2.4 – Social Engineering - Insider Threats

Questions and Answers

Why are insider threats particularly challenging to defend against?

• Perimeter security measures are completely ineffective against insider threats.
• Insiders are inherently trusted and often have legitimate access to systems and data. (correct)
• Insider threats are only a concern for very large organizations with complex networks.
• Insider threats always involve the use of advanced malware, making them difficult to detect.

What advantage do insiders possess, even without special system access, that can aid in attacks?

• The ability to bypass all forms of authentication.
• Complete immunity from security audits.
• Institutional knowledge of the organization's infrastructure and data locations. (correct)
• Unlimited access to employee training materials.

What is a key characteristic of insider attacks that makes them difficult to detect?

• They always occur very rapidly, leaving little time for response.
• They exclusively target high-profile data, making them easy to identify.
• They can occur over extended periods, allowing for reconnaissance and vulnerability identification. (correct)
• They are always conducted by multiple individuals working in concert.

What emerging tactic are ransomware actors using to target organizations?

Bribing insiders with cryptocurrency to gain access to systems and data. (D)

Besides prevention, what fundamental security practice helps mitigate the damage caused by insider attacks?

Maintaining regular data backups. (A)

Why is perimeter security proving insufficient in the face of insider threats?

Perimeter security primarily focuses on external threats, not internal ones. (D)

What is the primary motivation behind ransomware actors bribing people inside organizations?

To gain access to systems and data for financial gain. (C)

What makes the recruitment of insiders a particularly insidious attack vector?

It leverages trusted individuals to bypass security measures. (D)

Which strategy is most likely to improve a network's overall security posture against both insider and external threats?

Establishing solid security fundamentals and maintaining data backups. (A)

Why might an employee consider accepting a bribe from a ransomware actor, despite the risks?

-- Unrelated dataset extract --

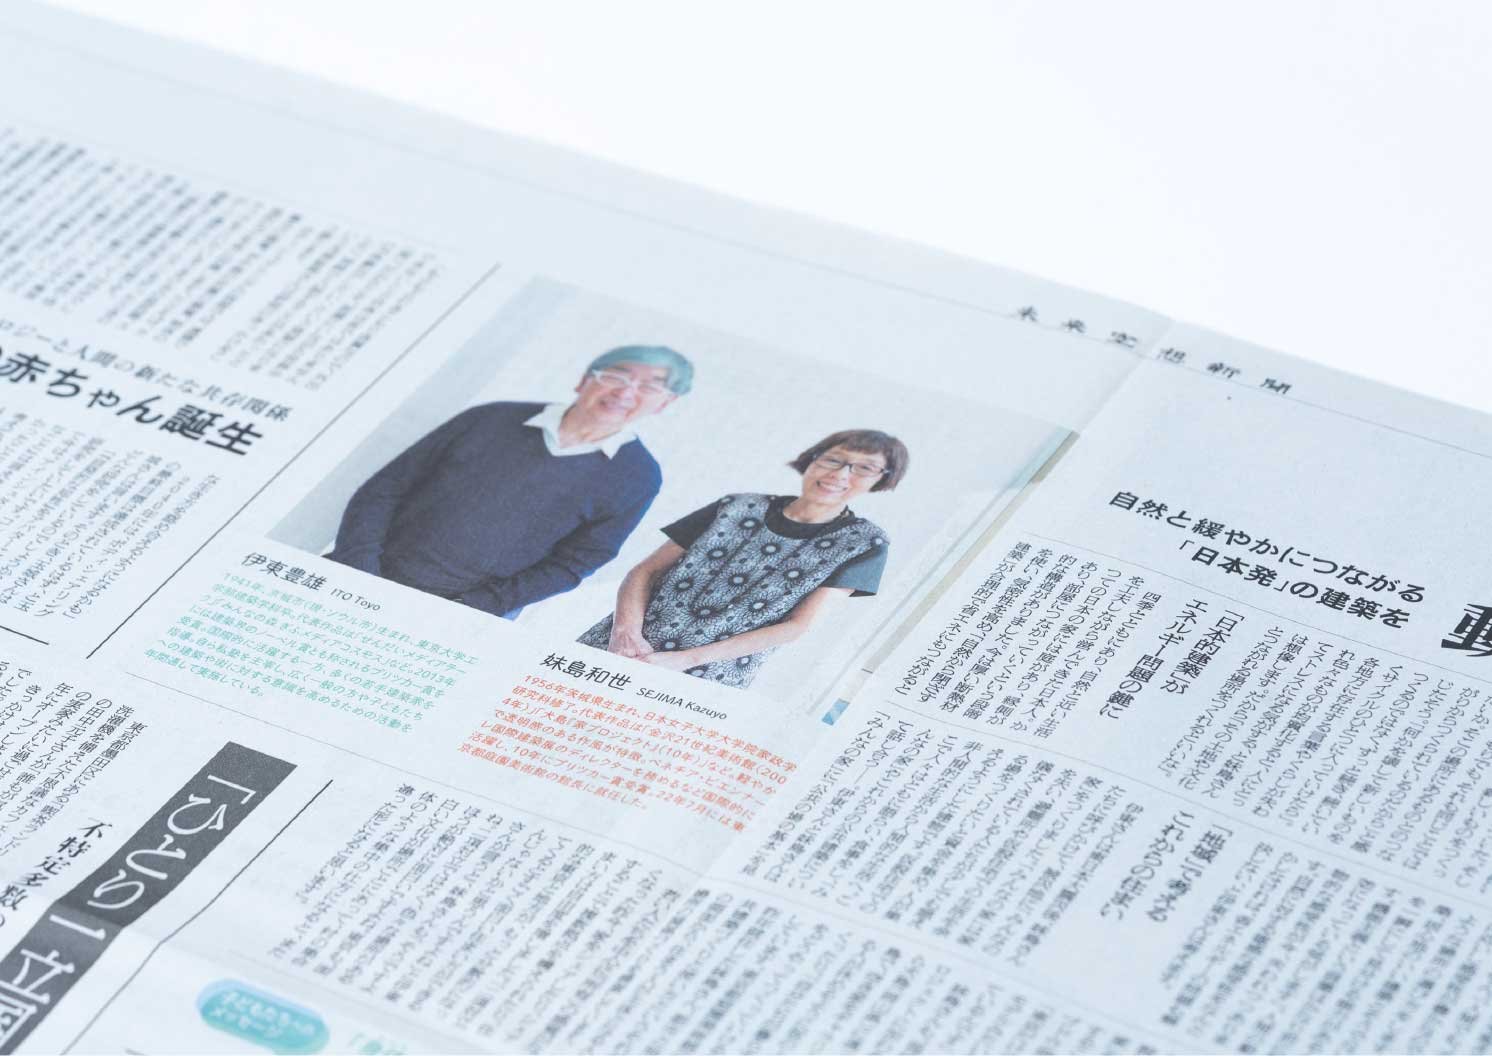 建築家である伊東豊雄さんと妹島和世さんによる記事  | Make New Magazine「未来の定番」をつくるために、パナソニックのリアルな姿を伝えるメディア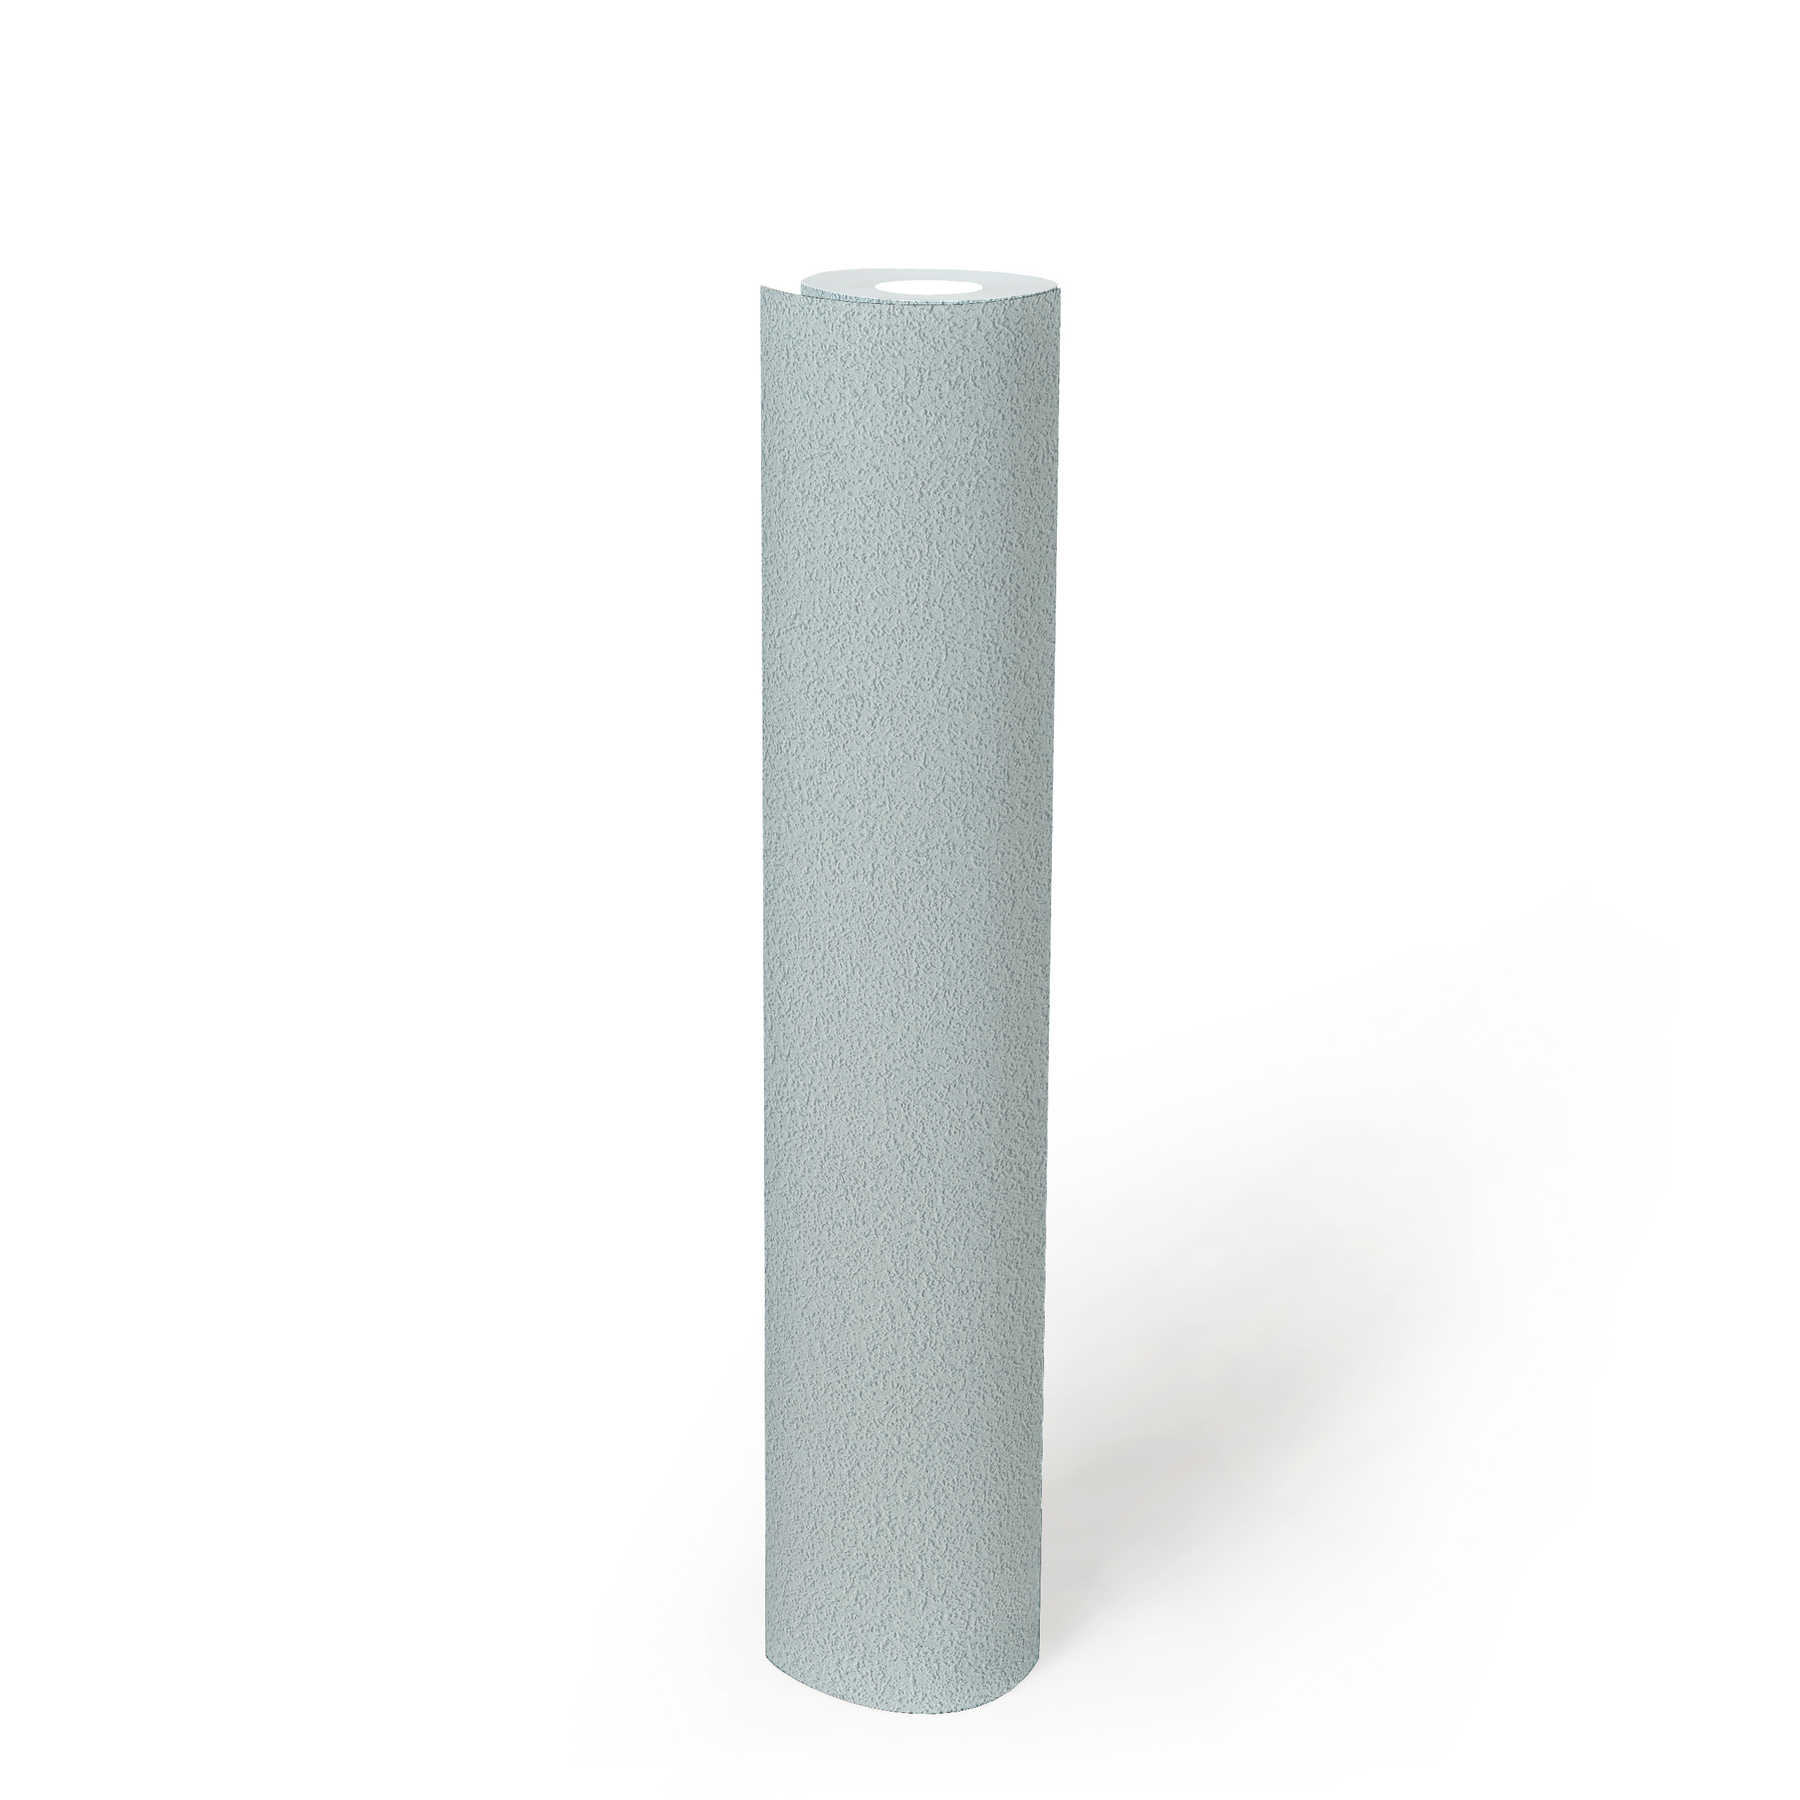             Papier peint uni avec structure de surface fine - bleu

The potential financial reward from a successful ransomware attack can be substantial. (D)

Flashcards

Insider Threat

Threats originating from individuals within an organization who have authorized access to systems and data.

Institutional Knowledge

Internal knowledge of systems and data locations that insiders possess, aiding in identifying vulnerabilities.

Insider Recruitment

The act of cybercriminals enticing internal staff to provide access to sensitive systems or data, often in exchange for payment.

Security Fundamentals

Solid security practices and data backups to resolve issues inside the network.

Study Notes

• Insider threats are challenging to defend against because insiders are trusted and have access to systems and data.
• Insiders possess institutional knowledge, know the location of devices, and understand which servers hold specific data types, even without special access.
• Insider attacks can occur over extended periods, involving intelligence gathering, data discovery, and vulnerability exploitation.
• Attackers sometimes recruit insiders to provide access and data.
• Perimeter defenses are improving, but internal network protection needs enhancement.
• Ransomware actors have been known to bribe insiders with cryptocurrency to gain network access.
• A single ransomware infection can generate millions of dollars for attackers, making bribery a worthwhile tactic.
• Strong security fundamentals and data backups are crucial for defense against insider attacks.
• Backups may not prevent insider attacks entirely but can help resolve internal network issues if discovered.